Andre Anderson, 34, an account executive at TheDeal.com, a financial news Web site, would like to buy a Manhattan apartment with his girlfriend, but he said their combined incomes still make it nearly impossible to afford one.

But Andre, would you want to live in a Manhattan devoid of millionaires? I can see how one might. In truth, though, Manhattan is kind of a smelly patch of land, quite literally for four months out of the year, when the ultrarich decamp for sweet-smelling retreats. Brooklyn, with its 19th-century scale (pre-Bloomberg), is more humane and attractive as an urban landscape, including the burned-out, riot-scarred precincts.
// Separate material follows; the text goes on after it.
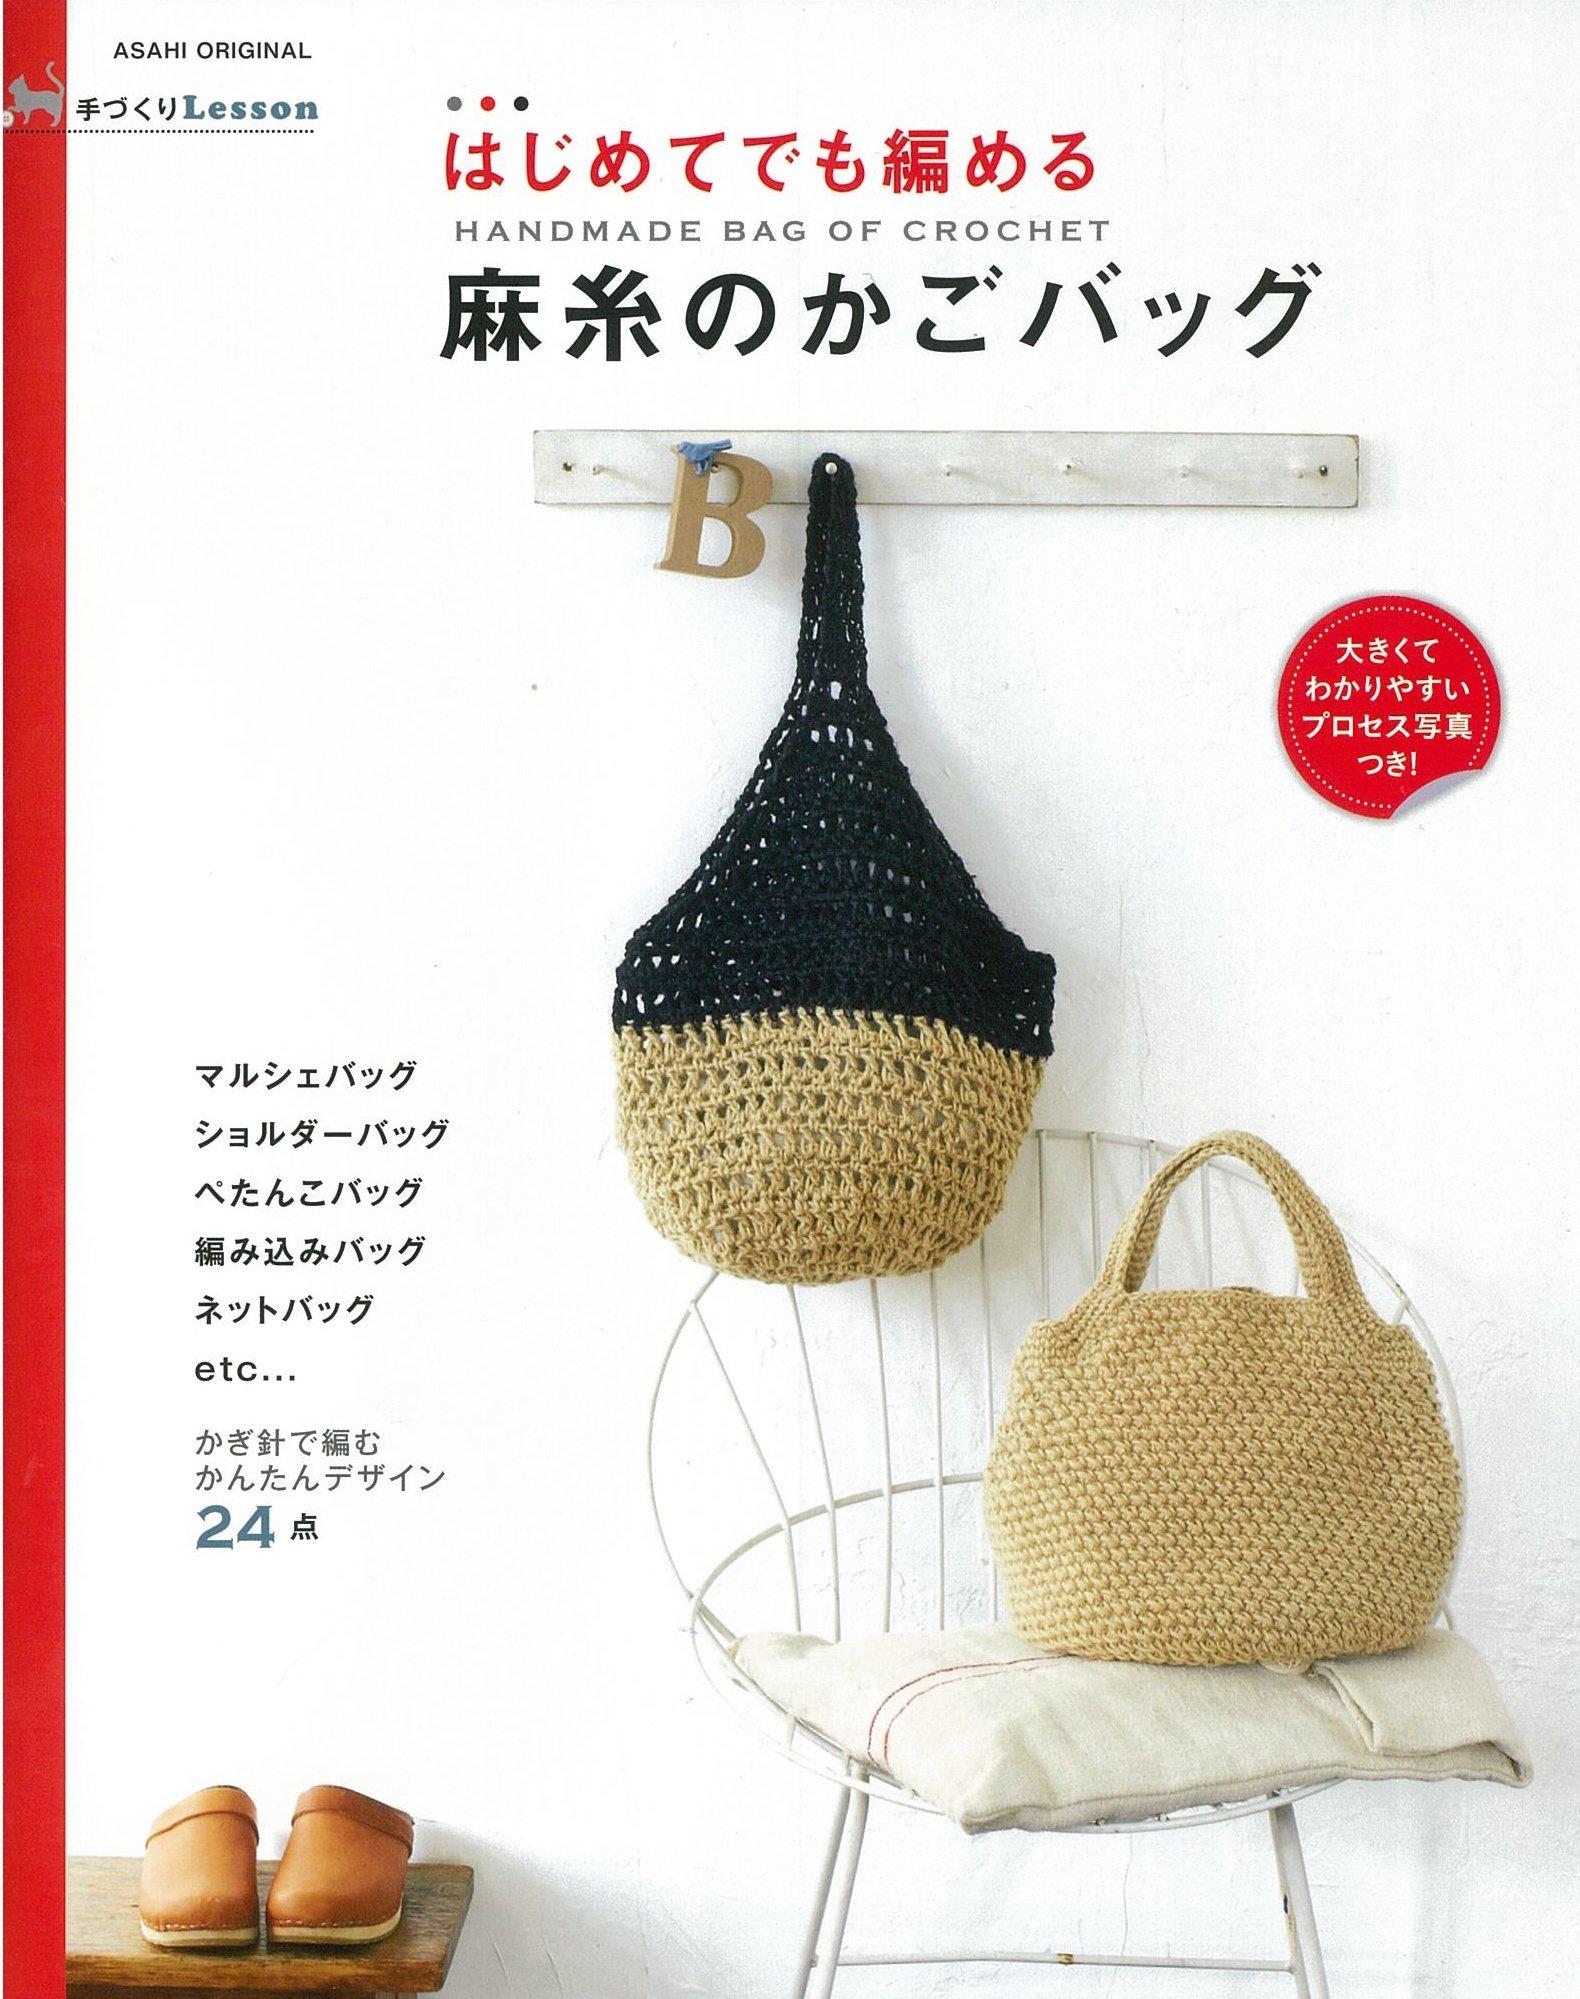 Linen basket bags

People like New York because of the bustle, and of course the bustle is driven by some combination of the ultrarich and the strivers, mostly immigrants, who cater to the ultrarich. What happens when the ultrarich are humbled? The service economy retrenches, of course. This means economic dislocation for new arrivals, some of whom will return to their native countries or greener pastures elsewhere.

And account executives at financial news Web sites don’t exactly flourish in this environment either. If this sounds like trickle-down, it is. It’s more than that — it is cultural trickle-down. Even my egalitarian friends should accept New York as an oasis of extreme inequality, an exotic hothouse in which we allow giants and pygmies to scowl at each other. My guess is that Andre enjoys amenities that simply would not exist if the ultrarich weren’t there to subsidize them, thus making them accessible to people at (say) the bottom of the top quintile. All of those repertory theaters, the culinary-industrial complex fueled by the outsourcing of household production that is fueled by the working rich — all of it depends on a base of quantitative nerds who spend vast amounts on luxuries they hardly ever get to enjoy, all so people further down the greasy pole can enjoy long lunches, leisurely strolls, and a a spectacularly dense array of cultural amenities.
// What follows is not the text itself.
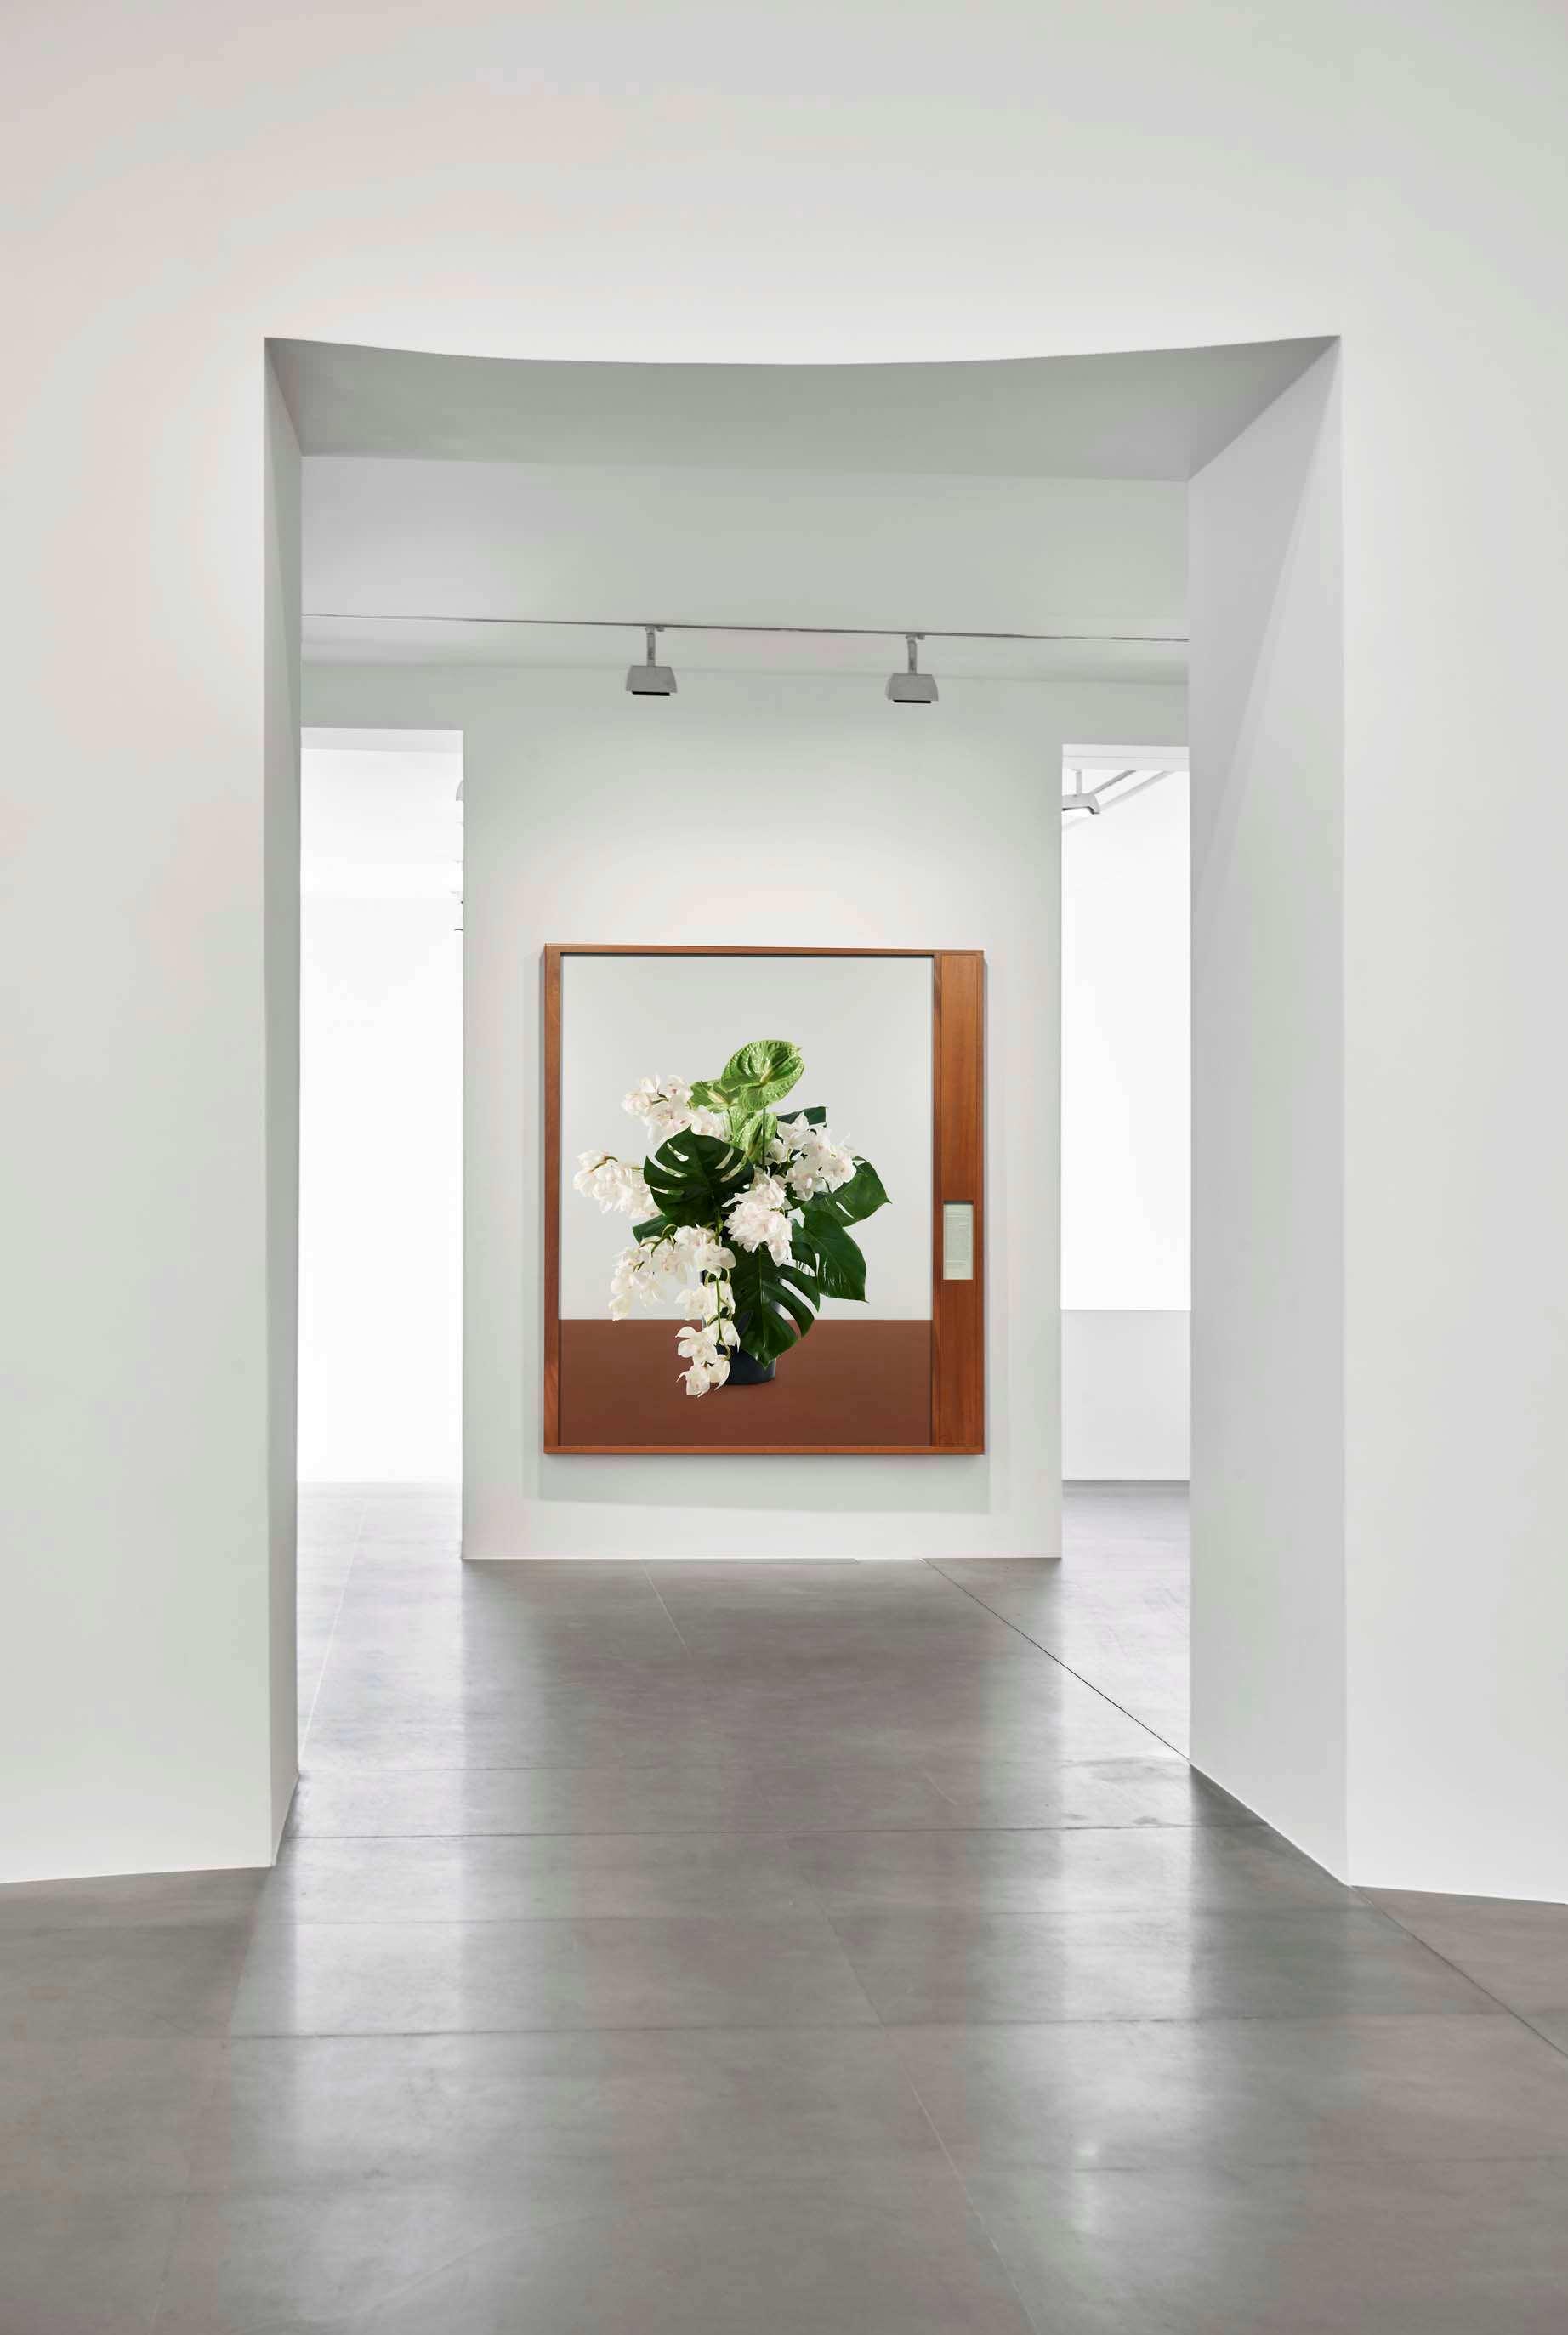 Cecily Brown Dore Ashton Lari Pittman Gagosian Gallery

“If there is greater good for everyone, is it worth a few people losing their jobs?” Mr. Anderson asked. “I think so. I hate to see people lose their jobs, but prices in the city have become ridiculous.”

Sad to say, New York city is still cheap in euros. So yeah, these guys will lose their jobs — but lowering prices will require a steeper downturn still. And that will mean crime. I for one prefer not getting stabbed to, um, having a hard time getting into restaurants that would be dirty, empty holes if not for the wealth boom. It occurs to me that anarchist squatters have pretty solid objections here, and I have strong sympathies with anarchist squatters, but please note that our friend Andre is not an anarchist squatter. Also, anarchist squatters can always squat in, say, some crumbling rustbelt dystopia. No on ever said squatting should be convenient to enormous multiplexes and fashionable boutiques.
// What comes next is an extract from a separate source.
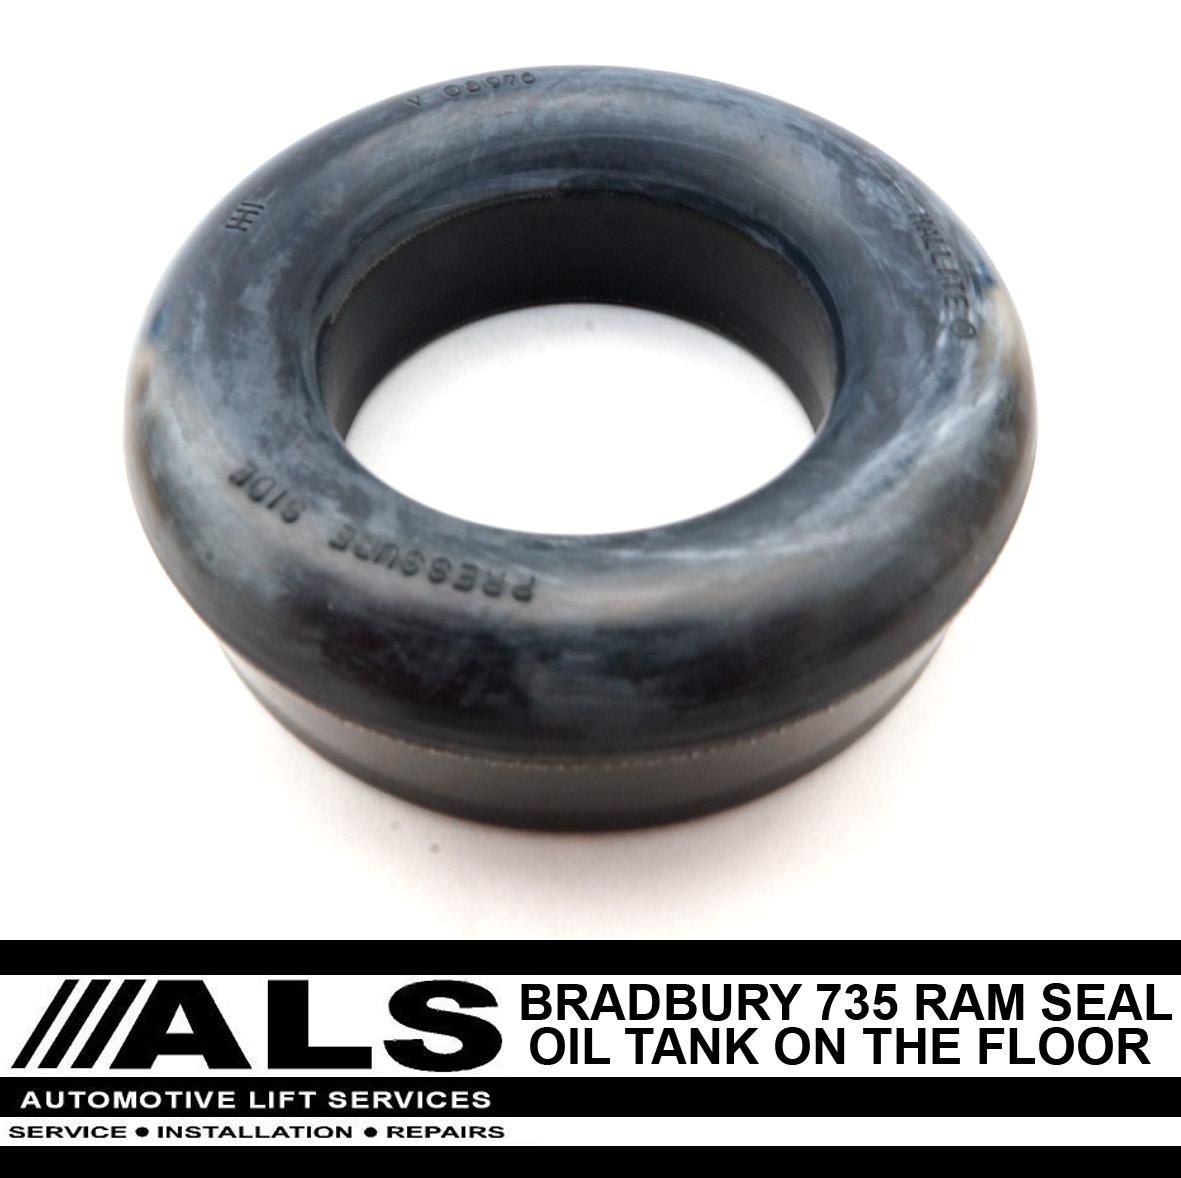 Bradbury Mk1 Ram Seal

Just as I root for the superintelligent machines that will render me obsolete, I root for the Calvinist middle-class millionaires. Yes, they are often tacky, soulless workaholics — but they will also dramatically drive down the price of my awesome neckband voiceless telephone of the future. My goodness, I can’t wait to not appear to be saying anything while “subvocalizing” to a friend millions of miles away, “Man, I can’t stand these bozos” while the bozos are standing inches away from me! Oh, the thrill will never get old! But first Carlos Slim needs to buy it for 80 bajillion pesos to taunt his fellow Mexican bajillionaires.